• _Supplied information_

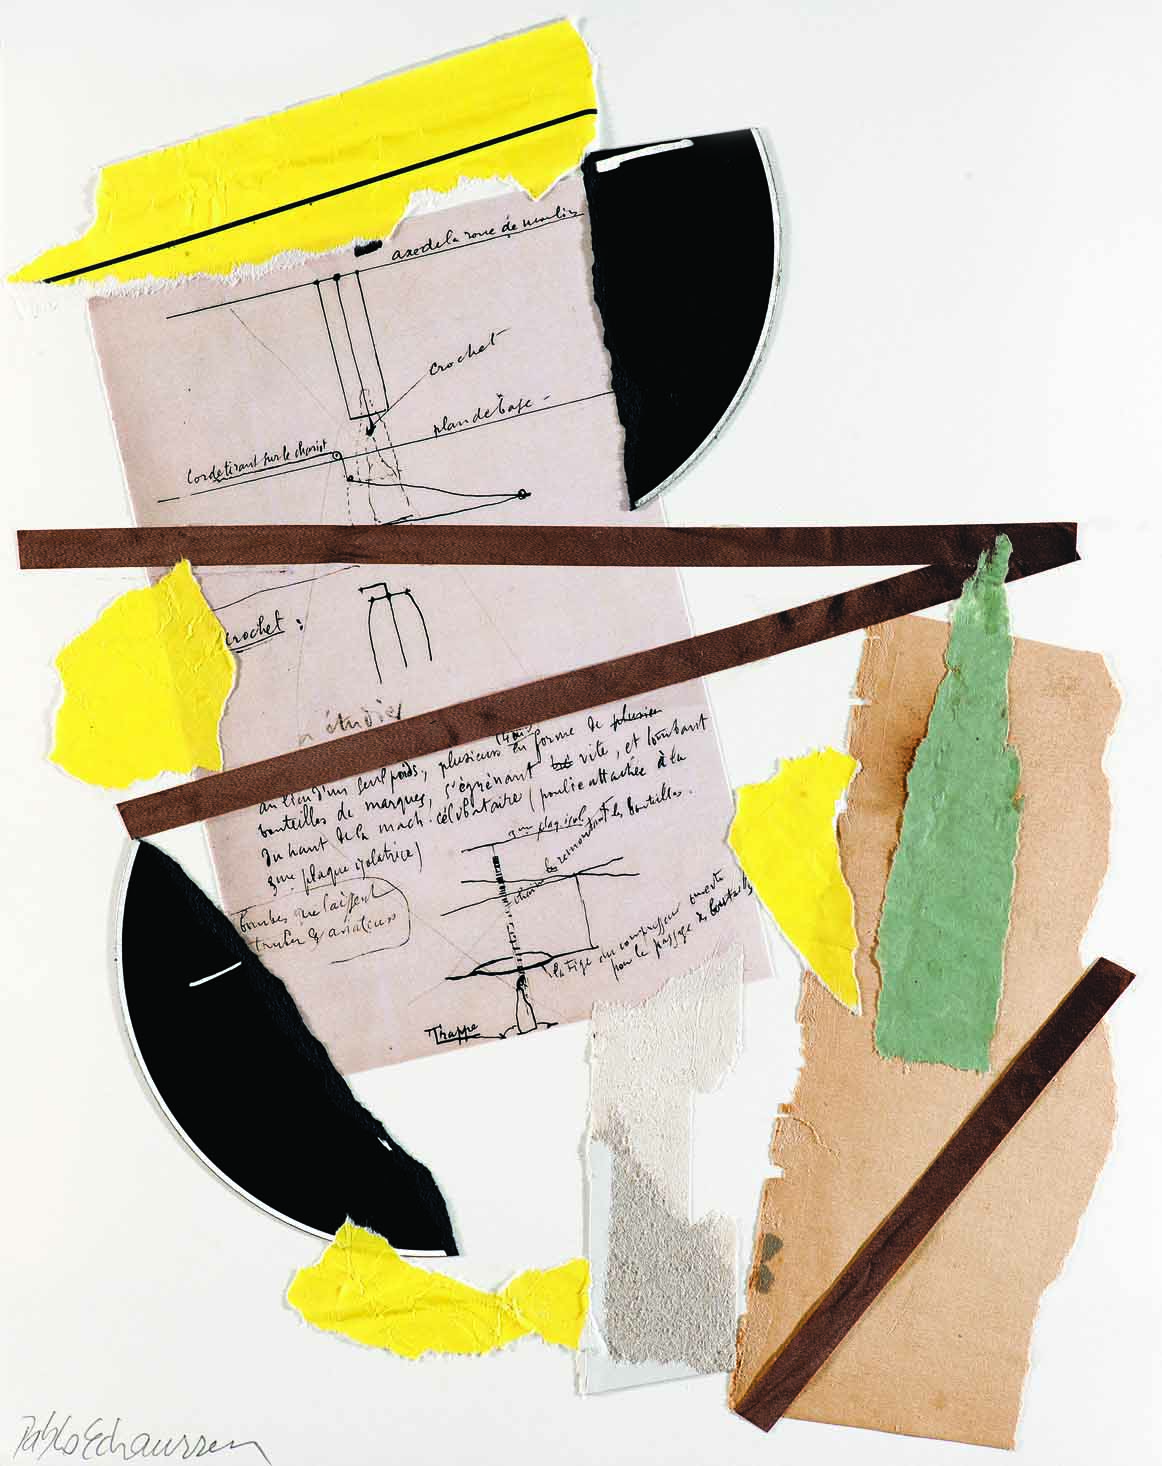 Pablo Echaurren, Incontro fortuito in una scatola verde, 2016, collage, 35,5 x 28 cm
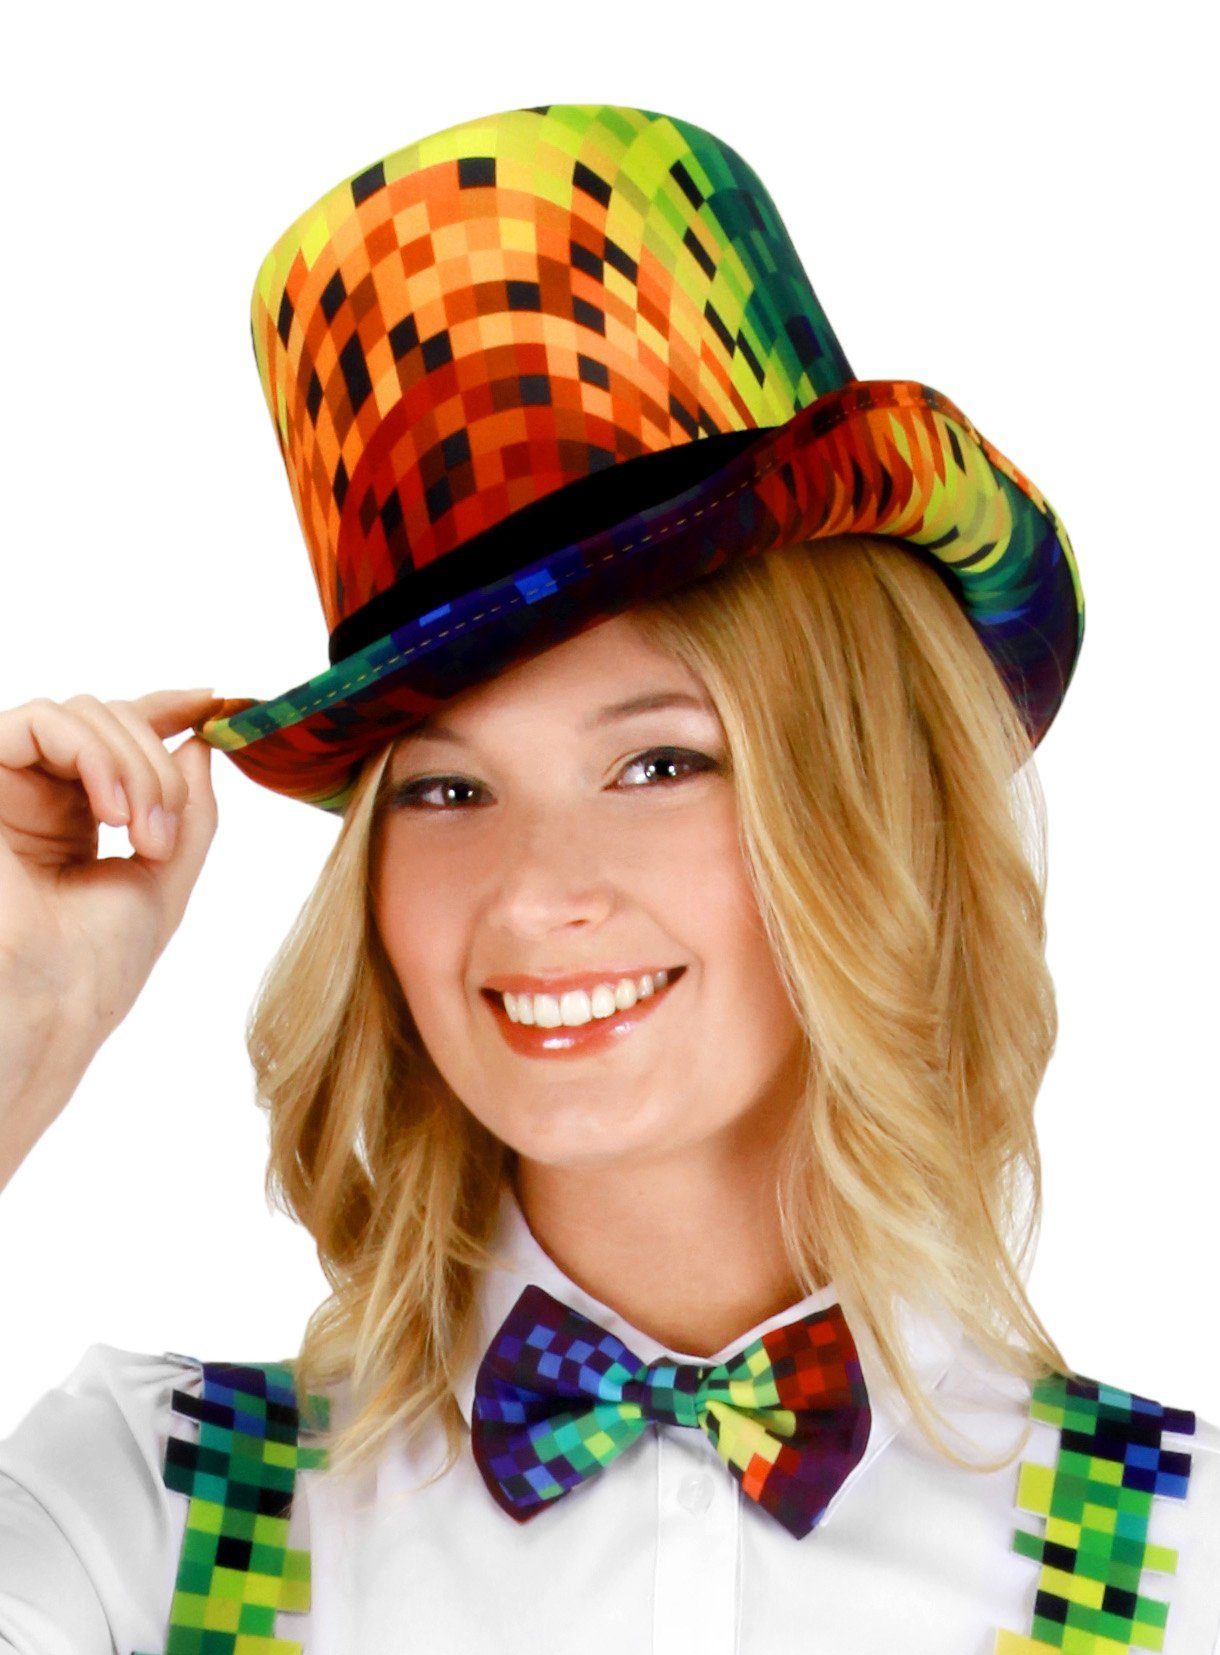 Elope Kostüm Regenbogen Pixel Hut, Lustiges Accessoire für Karneval und  Fasching im Pixel-Look
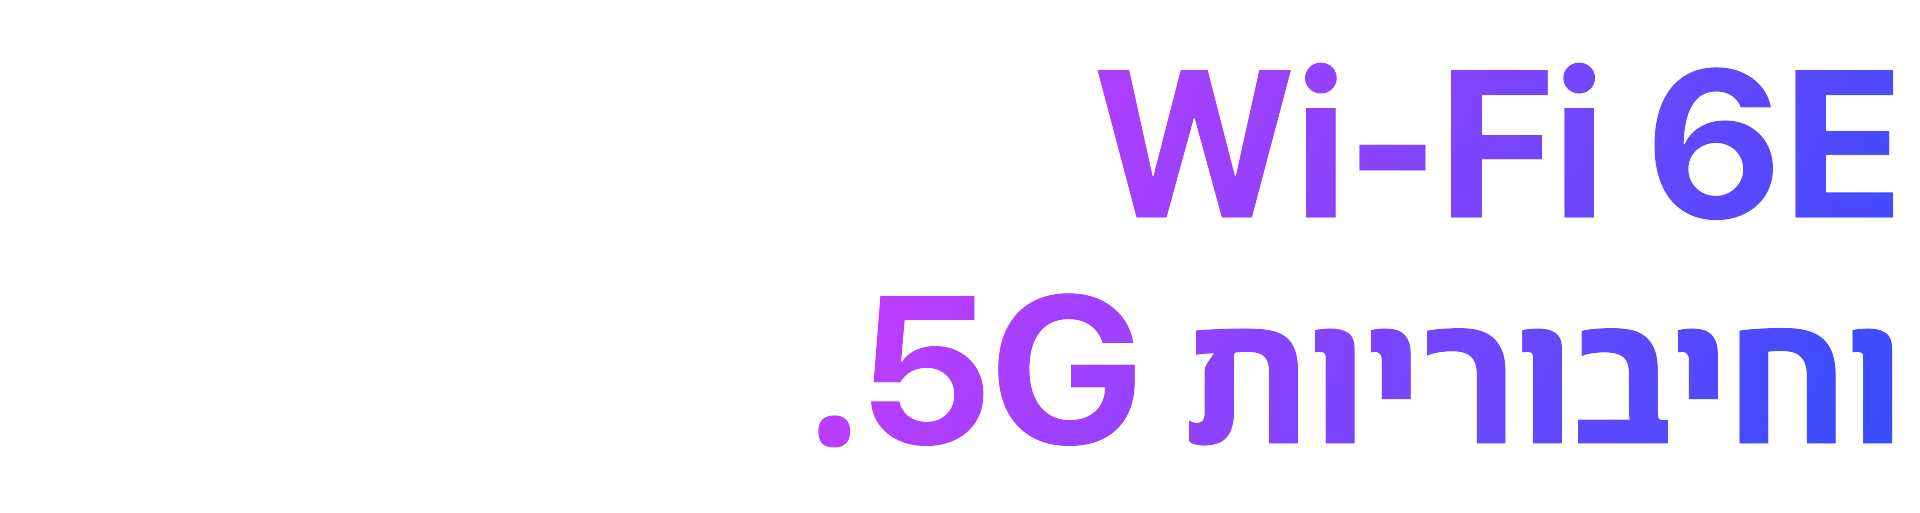 Wi-Fi 6E וחיבוריות 5G
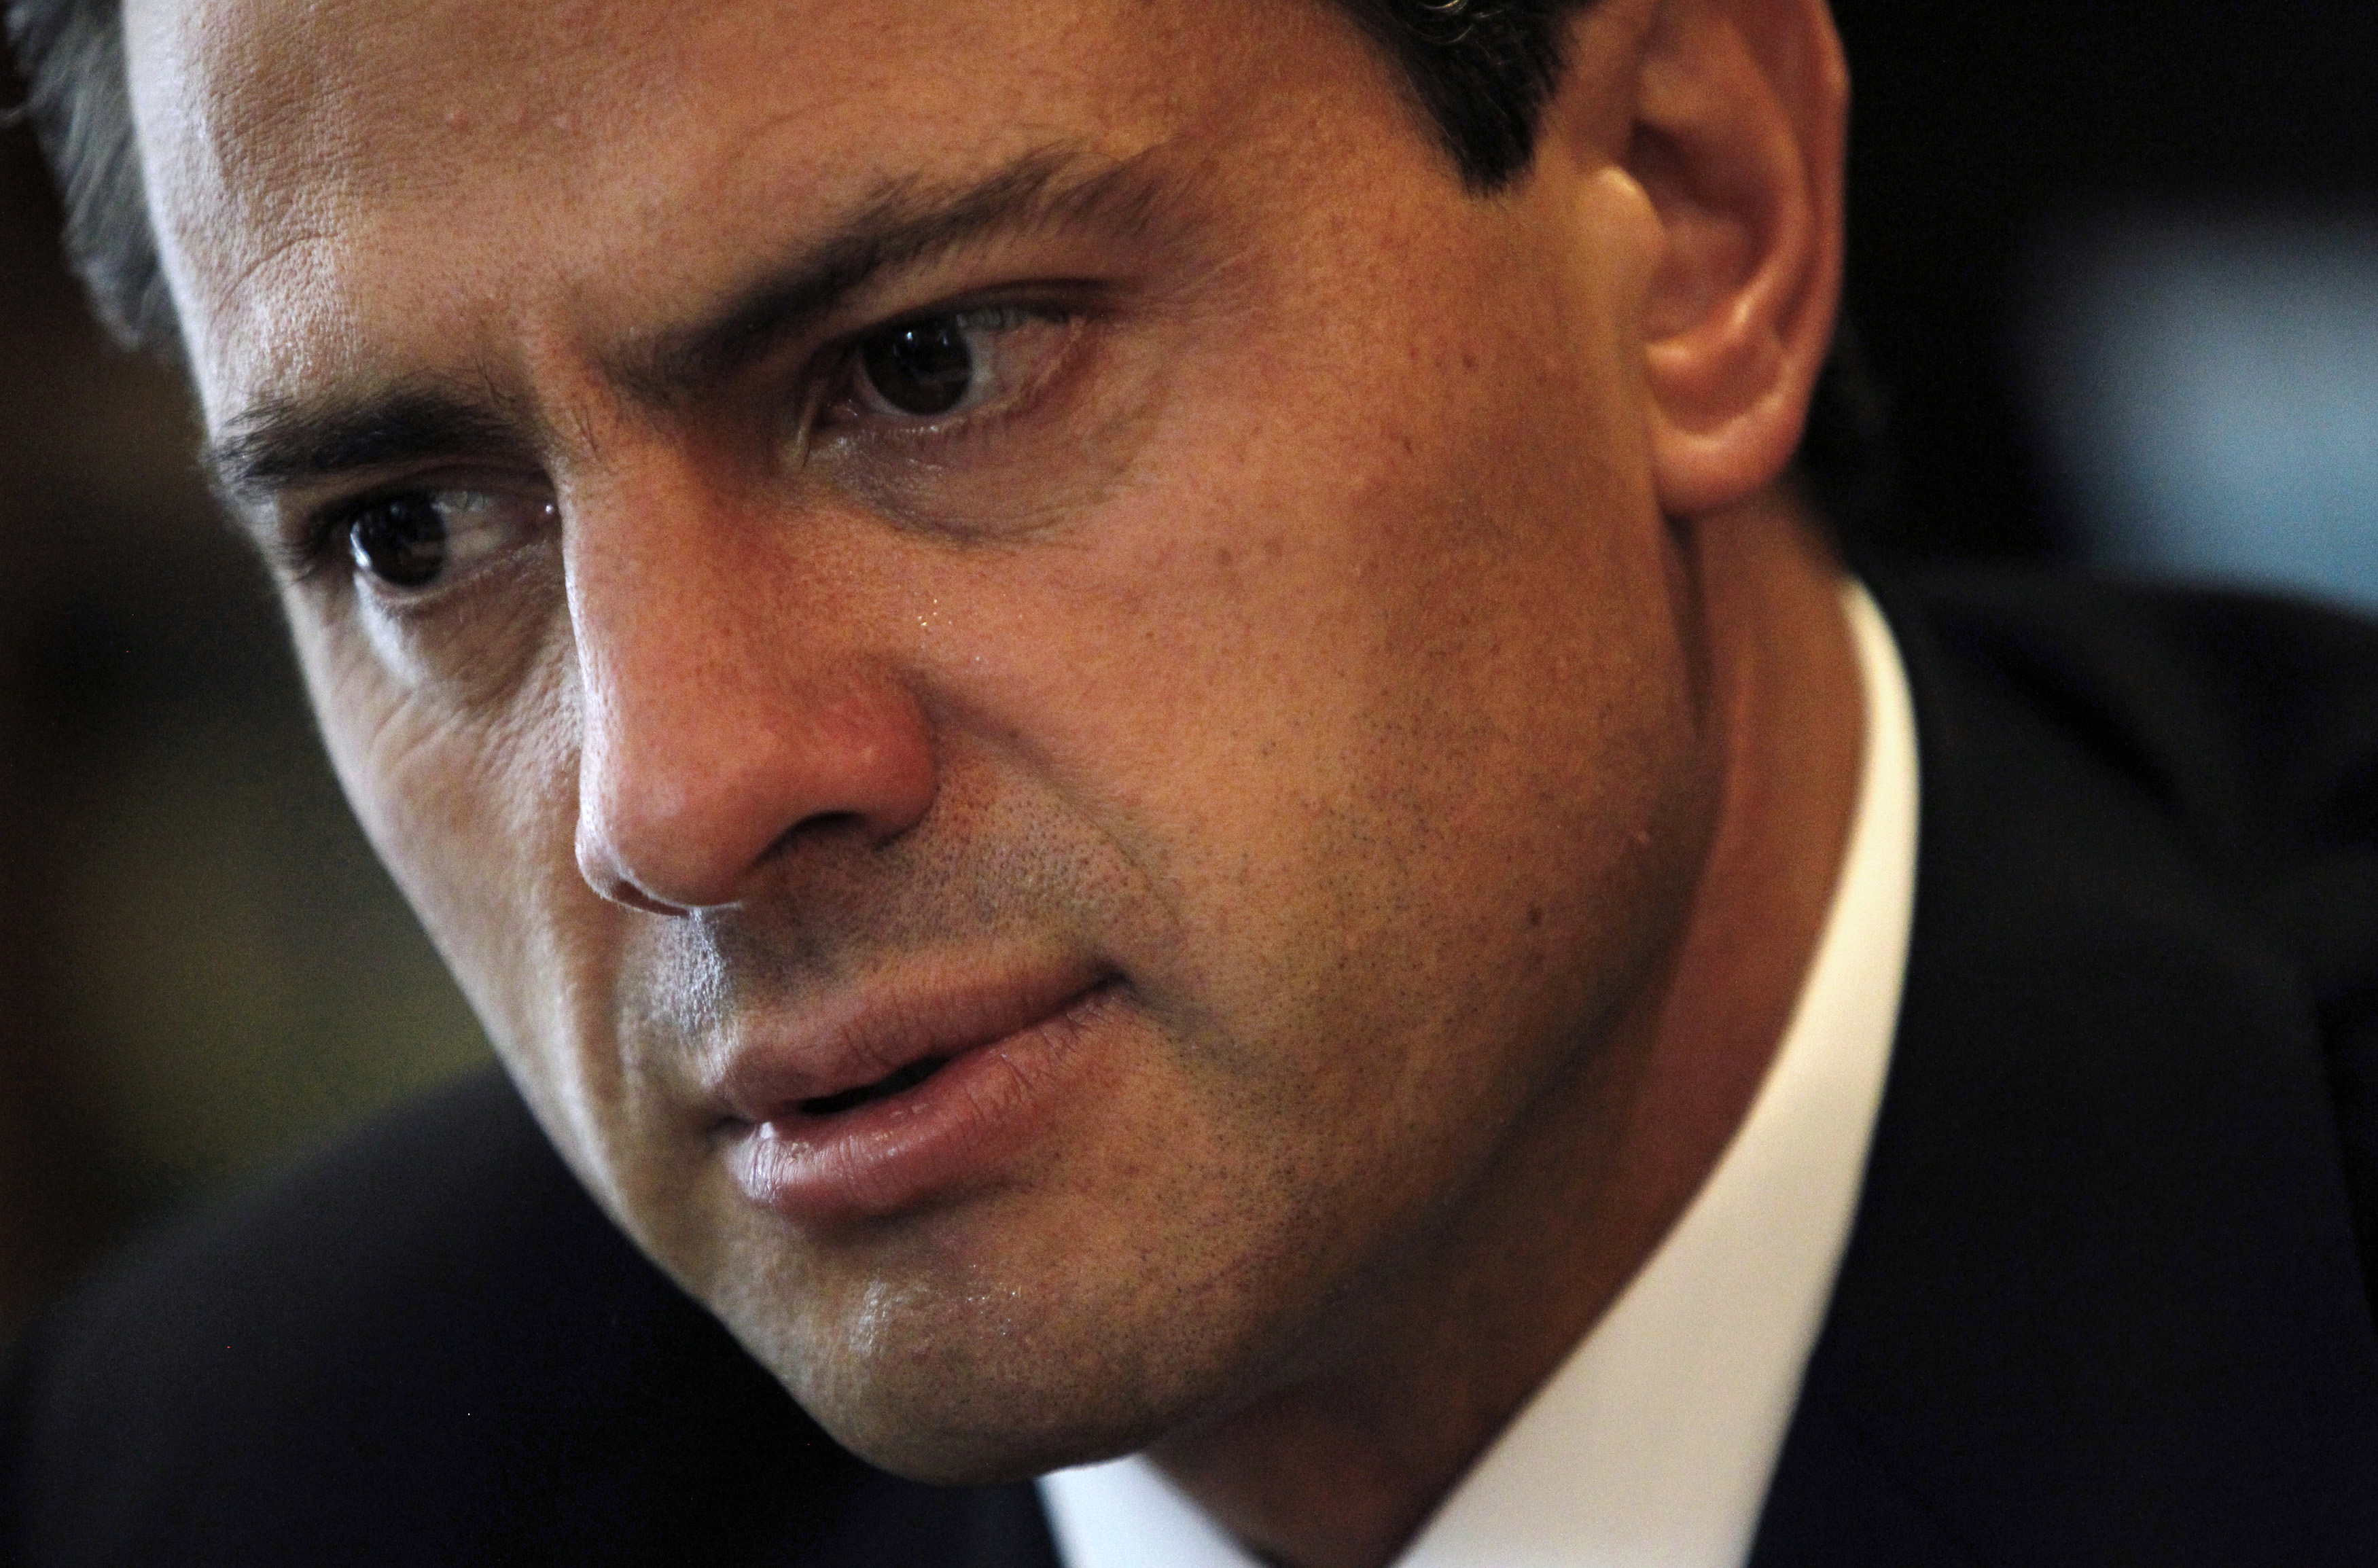 México: la fuerte irritación en los ojos que sufren Peña Nieto y otros altos funcionarios

• _Directions_
The listing above must be printed again exactly, minus its pictures.

• _Task result_
 Pablo Echaurren, Incontro fortuito in una scatola verde, 2016, collage, 35,5 x 28 cm
 Elope Kostüm Regenbogen Pixel Hut, Lustiges Accessoire für Karneval und  Fasching im Pixel-Look
 Wi-Fi 6E וחיבוריות 5G
 México: la fuerte irritación en los ojos que sufren Peña Nieto y otros altos funcionarios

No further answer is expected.